Software Archaeology

Uncovering the secrets of legacy code.

Posted 3rd January 2015 19:10 byBen Basson

One of the most difficult skills to learn as a software developer is understanding code. Almost all of our education, training and experience involves solving complex or interesting problems, understanding and meeting customer needs, and architecting good solutions, but nobody teaches you how to pick up where someone left off.

Sooner or later, you're going to be faced with undocumented code, which may have been written by someone that in your opinion should reside in an asylum. This could be a long-departed colleague, or it could have been yourself six months ago.

The study of existing code is often referred to as Software Archaeology, and as analogies go, it's a pretty good one. There's no magic formula, but as with material archaeology, there are methods and tools that can help.

Why is this even necessary?

Best practise when developing software involves solid design, using appropriate building blocks, writing tests, and of course a mixture of both technical and user-facing documentation. Code should be well-factored, appropriately commented and self-documenting as far as possible. There should be a knowledge-base of problems and solutions to help support customers.

Even if your company tries (and maybe even succeeds) at all of these things, there are lots of ways you might end up inheriting someone else's code:

  • Your company could take over a competitor's contract.
  • A customer might report a bug in an otherwise perfectly functioning system that hasn't been touched for 10 years and pre-dates current working practice.
  • You end up supporting someone's hobby project or training project as a real product.
  • You rely on an open source library and it stops being maintained, so you have to step up and do it yourself.

In all of these situations, there's a non-trivial chance that the original developers won't have been as diligent as you hopefully are. You may find missing (or worse, poor quality) comments, documentation and tests. You may not fully understand how the code works, or even what it's supposed to do.

Sorry to break it to you, fledgling developers of the world… this is the reality that we live in. Software development hasn't been a discipline long enough for all of this awfulness to be stamped out. You can help to fix this problem when writing new code, but for now you'll almost certainly have to delve into the dark underworld of legacy code.

Small bug fixes and changes may be possible without having a deep understanding of the code, assuming that the problems are well defined, but anything else will require some digging. If you're in any way like every other software developer I've ever met, you'll soon be fighting the rewrite urge.

Rewrites don't happen

A recent Dilbert comic nicely illustrates the familiar knee-jerk reaction of basically all developers to inheriting someone else's code:

Dilbert Comic Strip, 12th August 2014

It's certainly something I've witnessed on many occasions. Unfortunately for most developers… rewrites almost never happen.

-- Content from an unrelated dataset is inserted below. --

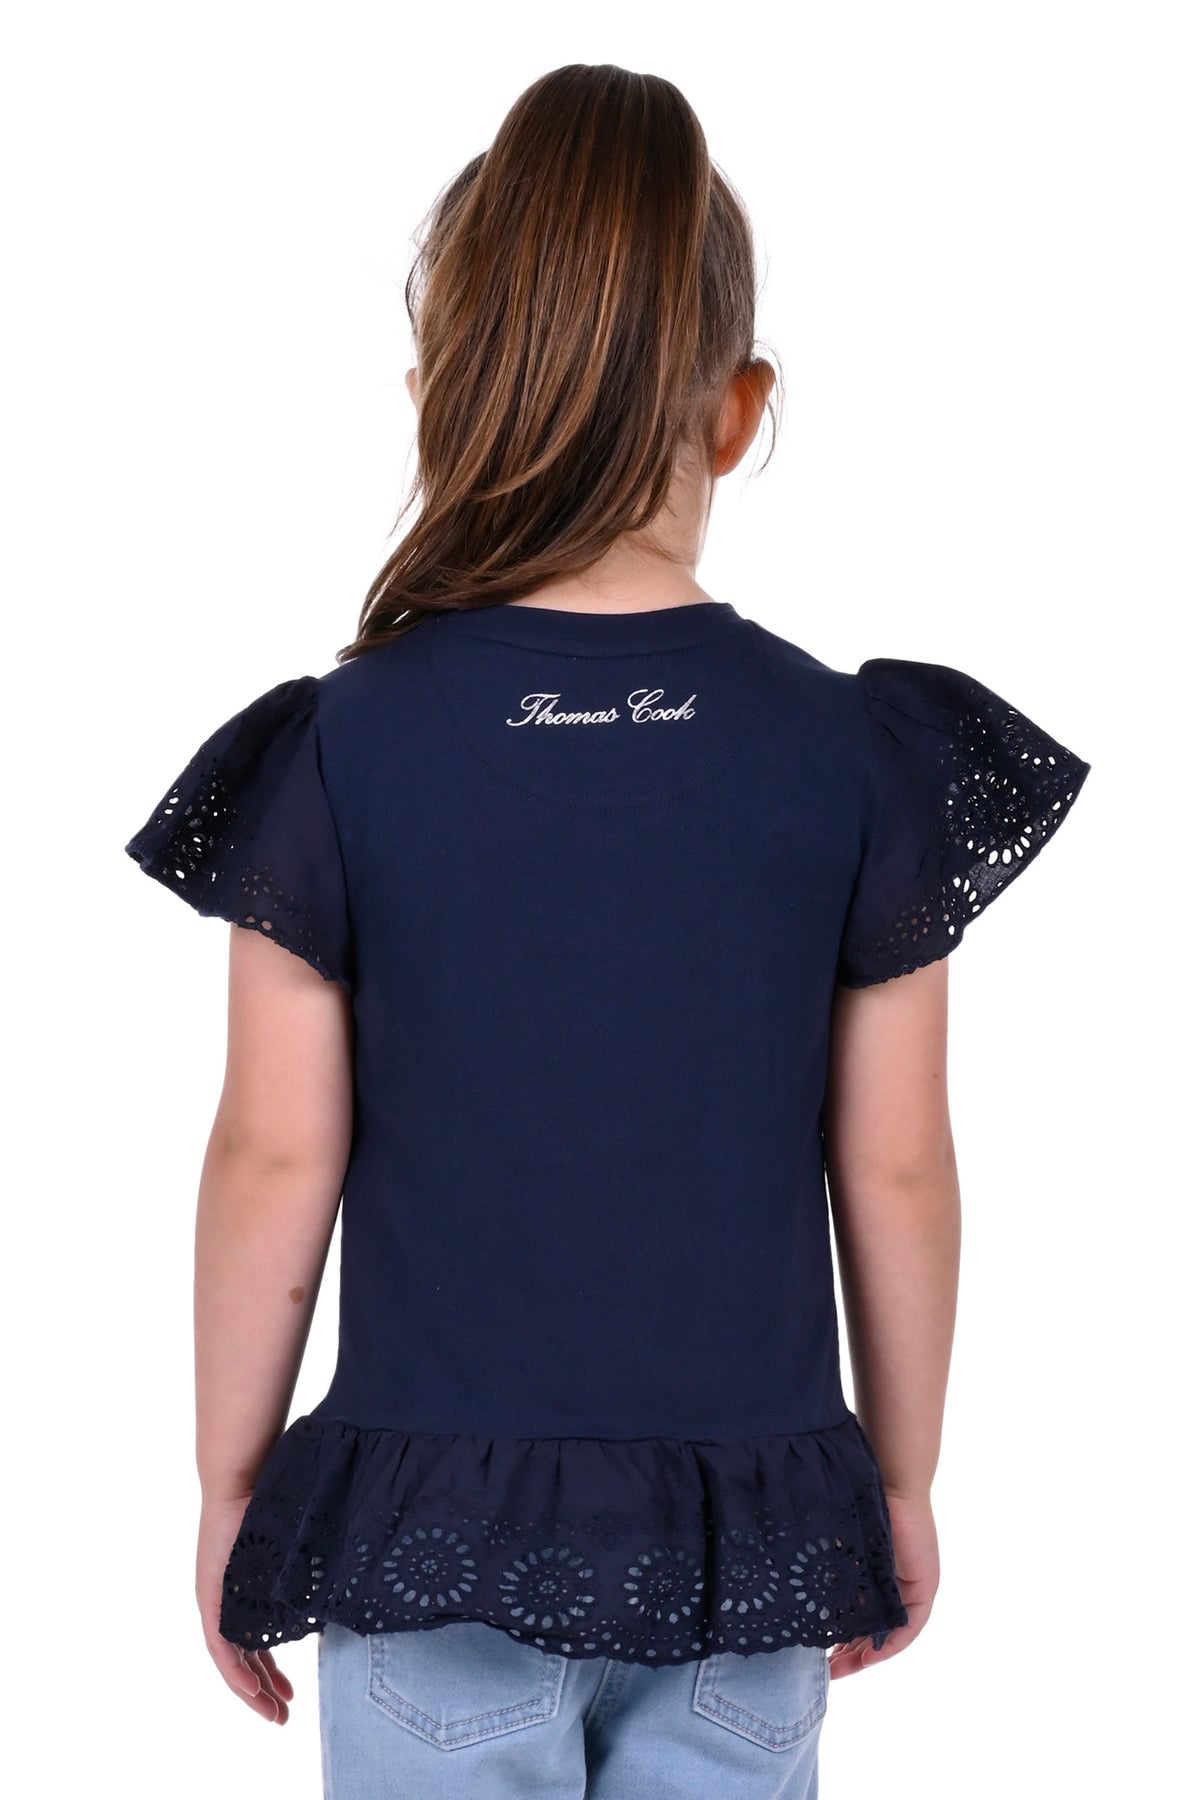 Thomas Cook Girls Lucy Tee - Navy

There are many reasons why this is the case. Joel Spolsky's Things You Should Never Do blog post from April 2000 sums up the situation quite nicely and is still highly relevant today. Paraphrasing his mini-essay into bullet-point form:

  • Weird things in code are probably bug fixes - throwing away code is throwing away the knowledge of problems encountered and fixed.
  • Rewriting code is investing time in getting back to exactly where you already were, while everyone else moves ahead.
  • It's entirely possible that you'll just make the same mistakes again.

Of course, individual pieces of code can be rewritten, but it's expensive and risky to rewrite entire projects. Sometimes products are superseded or replaced with new ones when technology evolves or requirements drastically change, but that's an entirely different thing.

Even in the rare situation where a rewrite is feasible, you still can't necessarily get away from reading and understanding the original code for anything other than the most trivial systems.

"Begin at the beginning"

"…and go on till you come to the end: then stop".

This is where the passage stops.